Training vs Inference
Building the model versus using it — two completely different activities with different costs, hardware, and constraints.
When not to use it
- As a reason to train your own model. Most teams should never train; the fine-tune-or-prompt decision is the real one.
- Ignoring inference cost during model selection. The demo runs once; production runs forever, and the arithmetic changes the answer.
- Assuming training hardware requirements tell you deployment requirements. Inference fits in far less, which is often the whole plan.
Reach for something else instead
- Fine-tuning — training, but small enough to be practical.
- Prompting — no training at all, and it solves more than people expect.
- A hosted API — someone else's training, someone else's inference optimisation, and you do the arithmetic on volume.
Sources & further reading
- Kaplan et al. (2020), Scaling Laws for Neural Language Models — the training-compute side, and the framing that dominated for years.

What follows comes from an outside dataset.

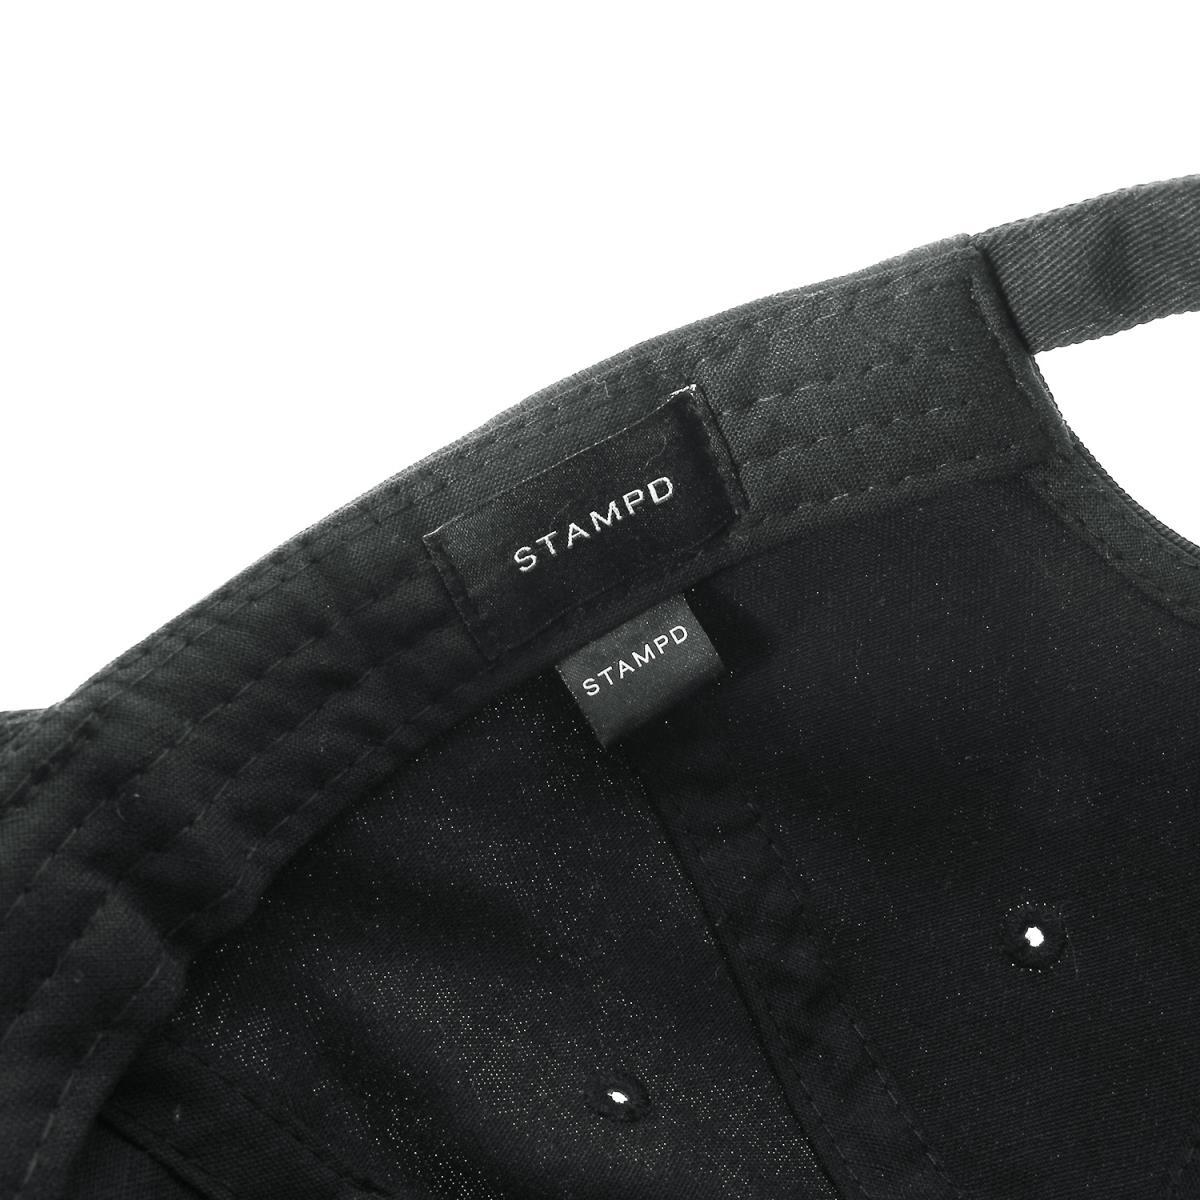 5f32edf4d21 STAMPD (スタンプド) 18S S brand logo embroidery 6 panel cap (SCRIPT DAD HAT)  black

- Pope et al. (2022), Efficiently Scaling Transformer Inference — what actually costs money at serving time.
- Snell et al. (2024), Scaling LLM Test-Time Compute Optimally — the argument that inference-time compute can substitute for training-time compute.
Primary sources, listed so you can check the claims on this page rather than take them on trust.
Where people go wrong
- Budgeting for training and discovering inference is the real bill.
- Optimising the model for training speed when latency is what users feel.
- Forgetting the KV cache grows with context length, so long conversations get progressively more expensive to serve.